» **DATASET EXCERPT**
=======
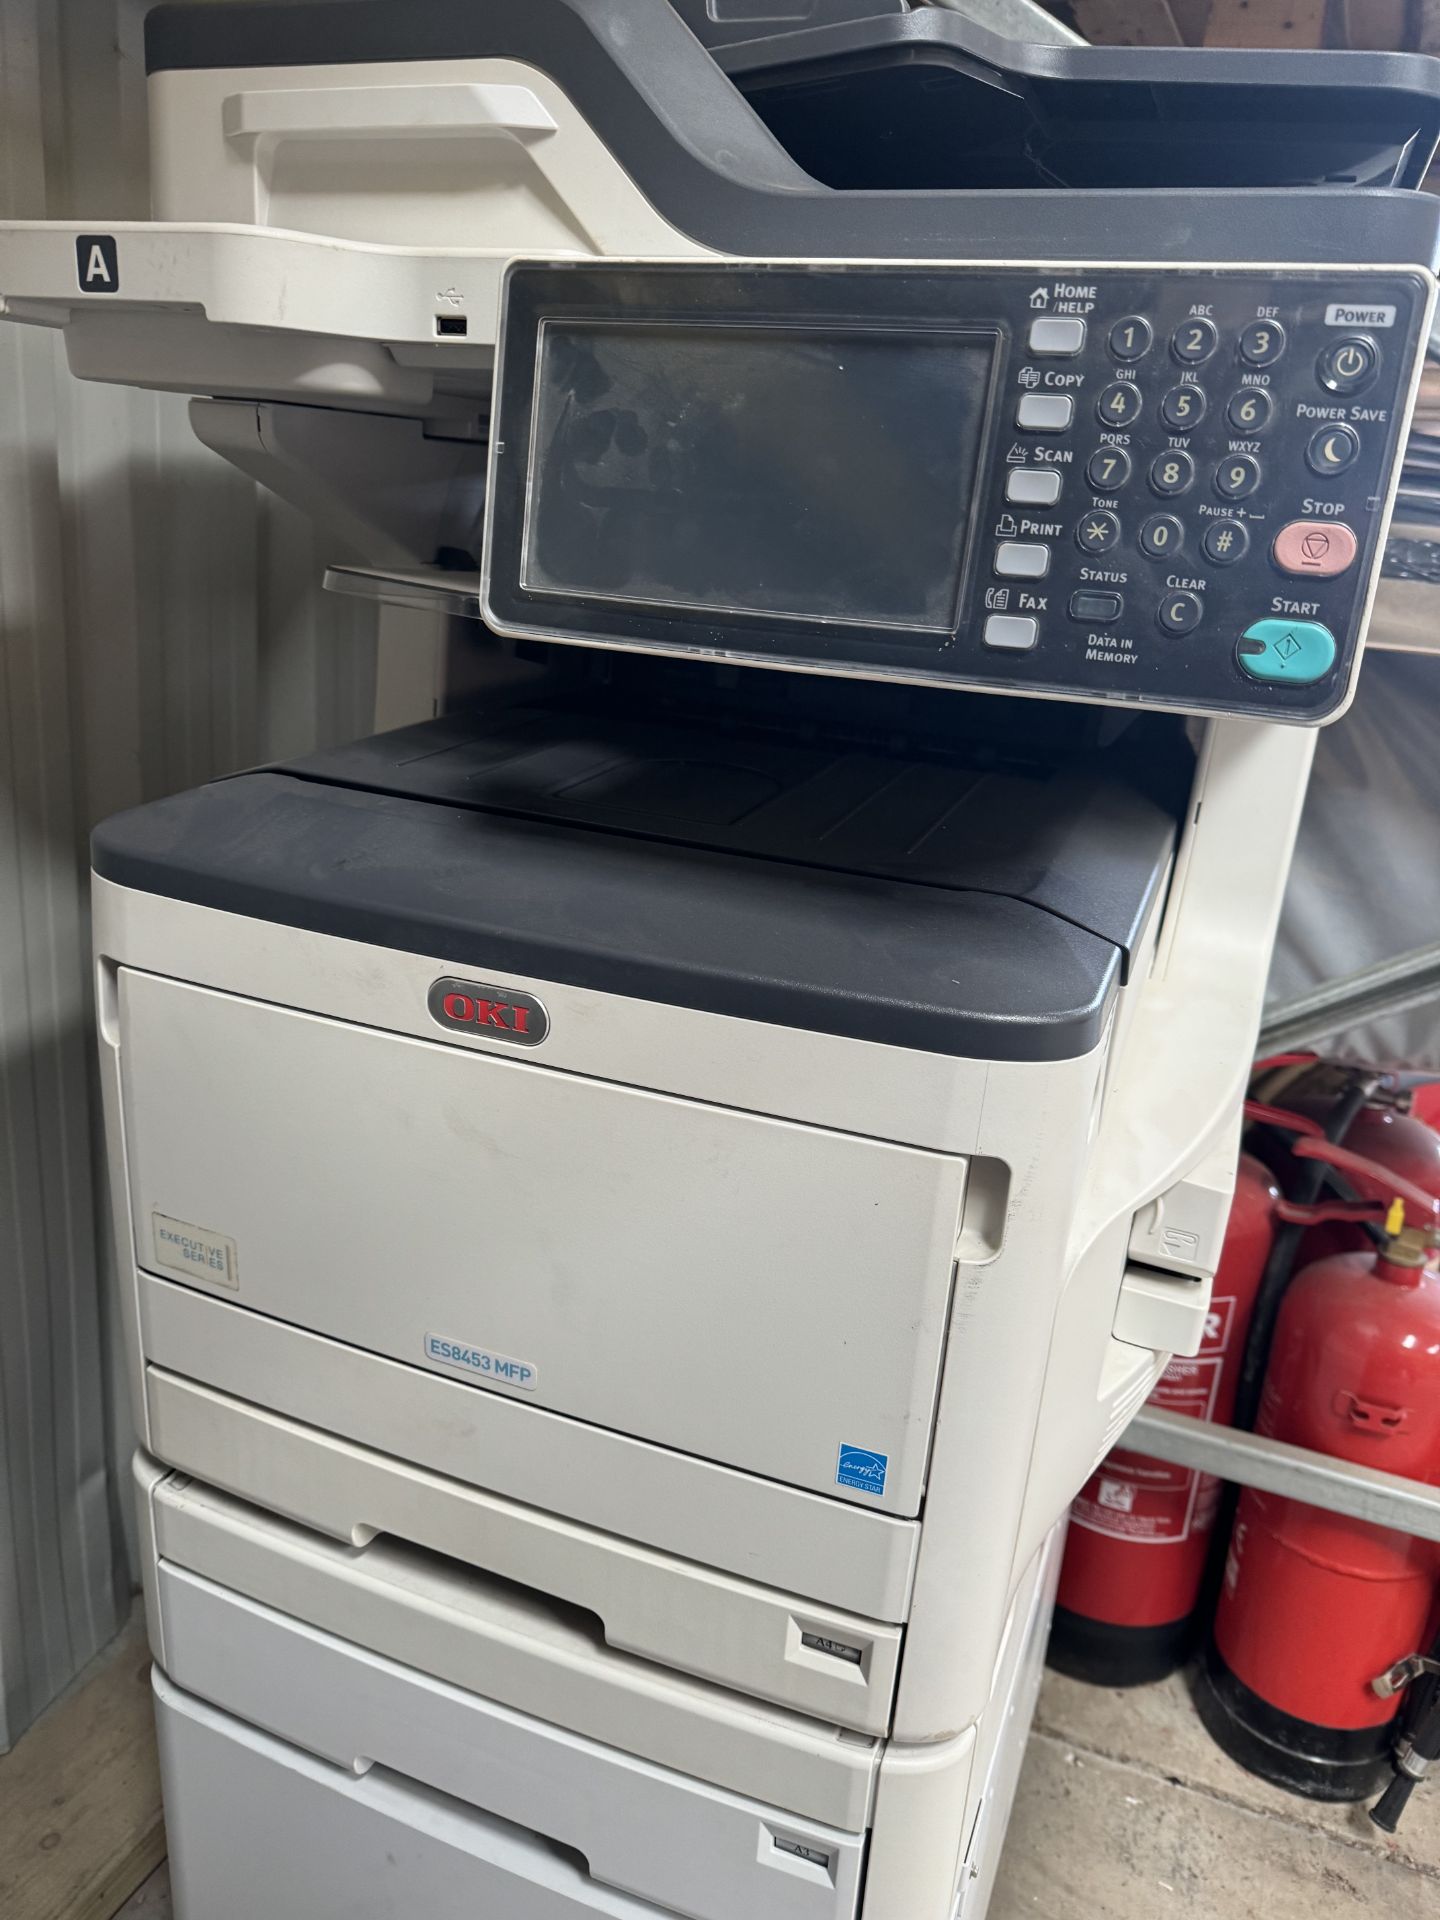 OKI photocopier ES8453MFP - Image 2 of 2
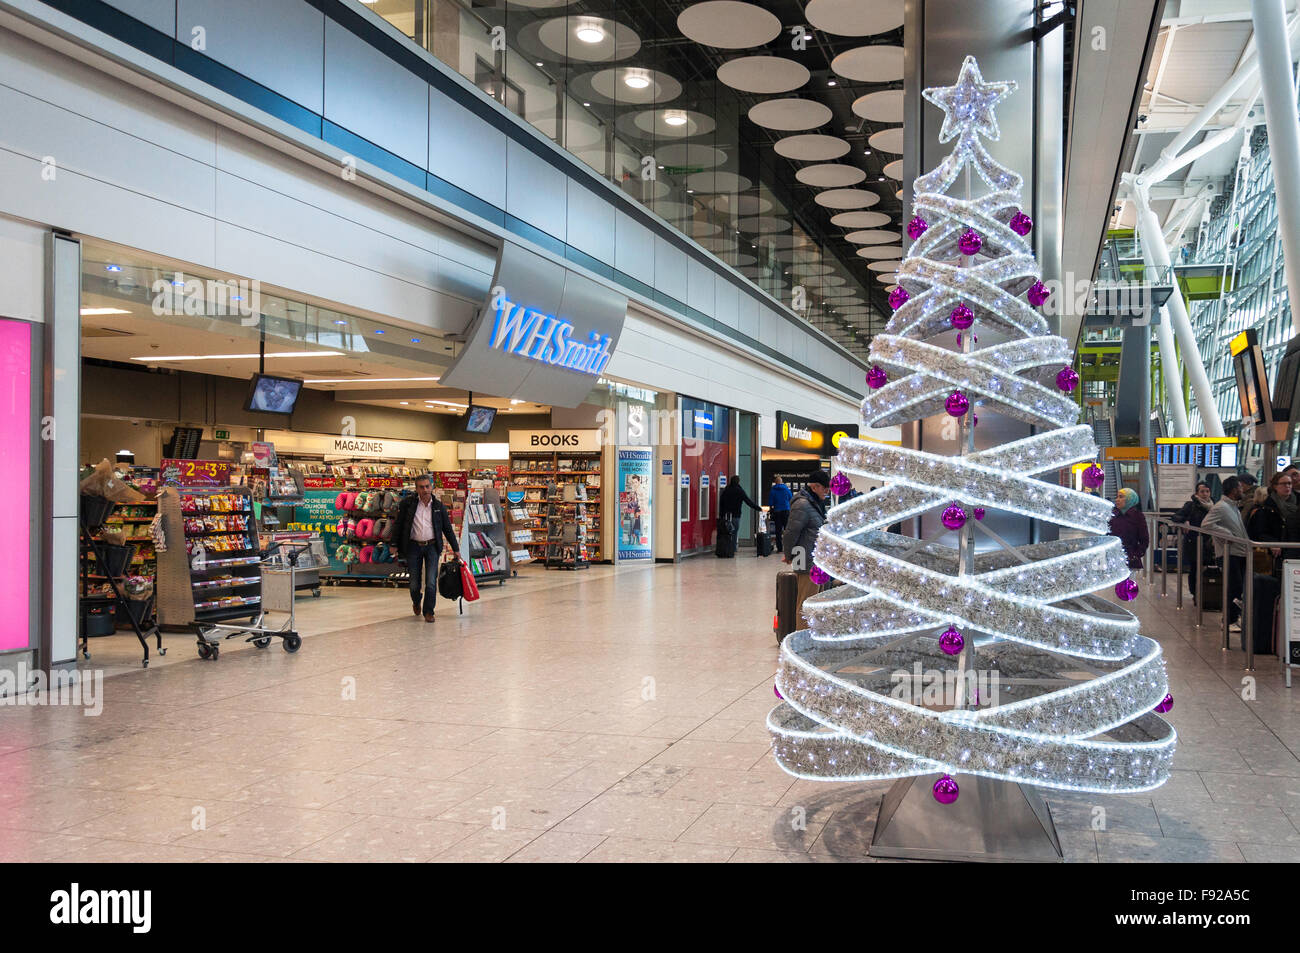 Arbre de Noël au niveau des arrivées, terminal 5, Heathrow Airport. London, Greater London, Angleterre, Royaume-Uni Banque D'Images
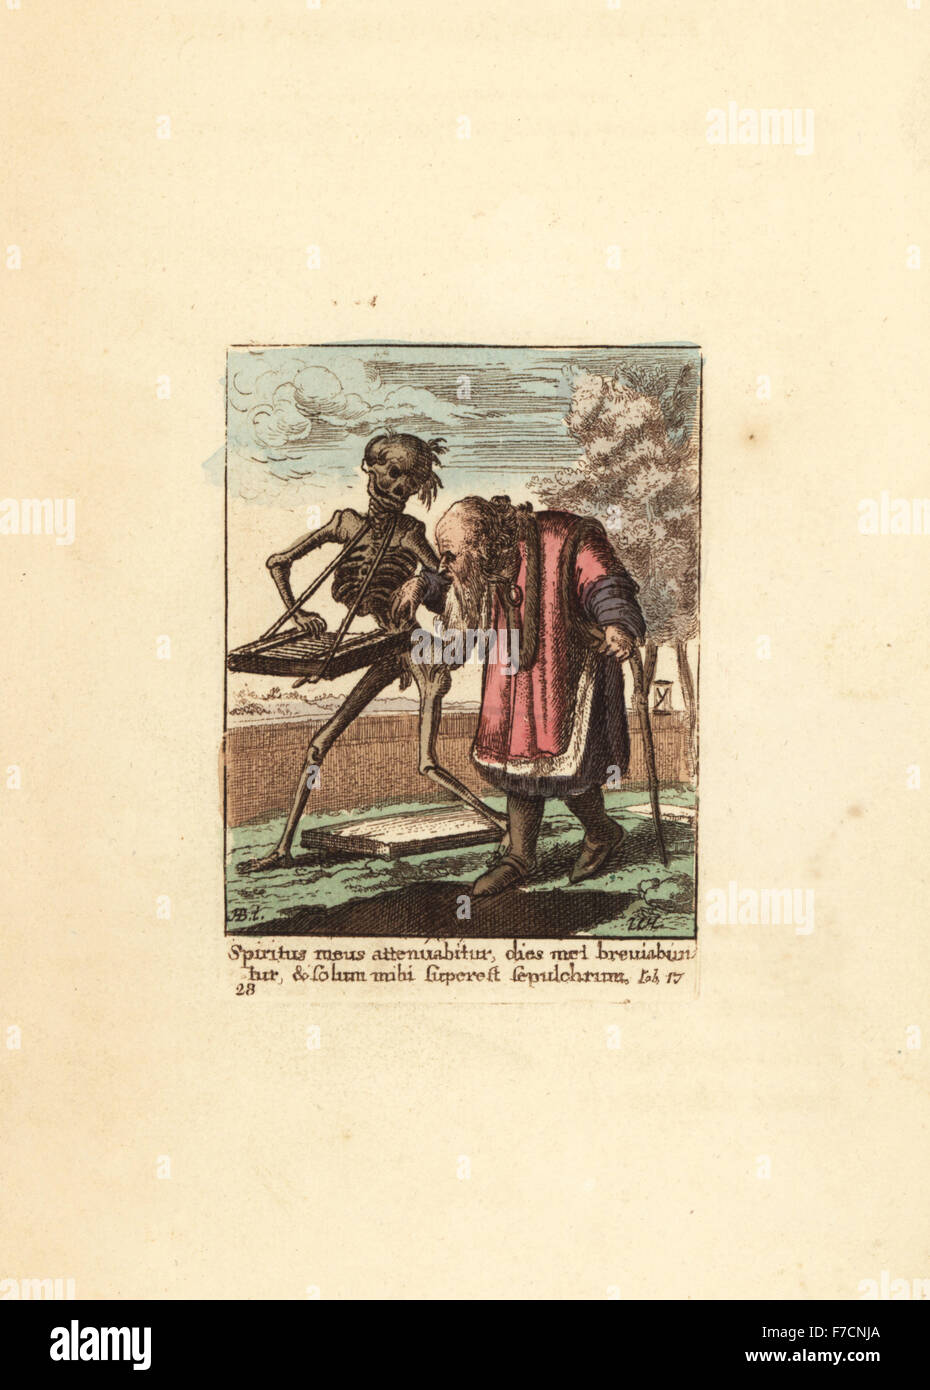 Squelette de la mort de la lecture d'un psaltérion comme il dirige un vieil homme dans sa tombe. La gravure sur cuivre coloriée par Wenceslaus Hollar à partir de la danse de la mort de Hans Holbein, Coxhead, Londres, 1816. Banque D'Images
=======
» **PROBLEM TO WORK ON**
Restate word for word the lines from the one containing "Arbre de Noël" through the end of the material above, both included, and nothing besides; drop the pictures.

» **EXERCISE RESPONSE**
 Arbre de Noël au niveau des arrivées, terminal 5, Heathrow Airport. London, Greater London, Angleterre, Royaume-Uni Banque D'Images
 Squelette de la mort de la lecture d'un psaltérion comme il dirige un vieil homme dans sa tombe. La gravure sur cuivre coloriée par Wenceslaus Hollar à partir de la danse de la mort de Hans Holbein, Coxhead, Londres, 1816. Banque D'Images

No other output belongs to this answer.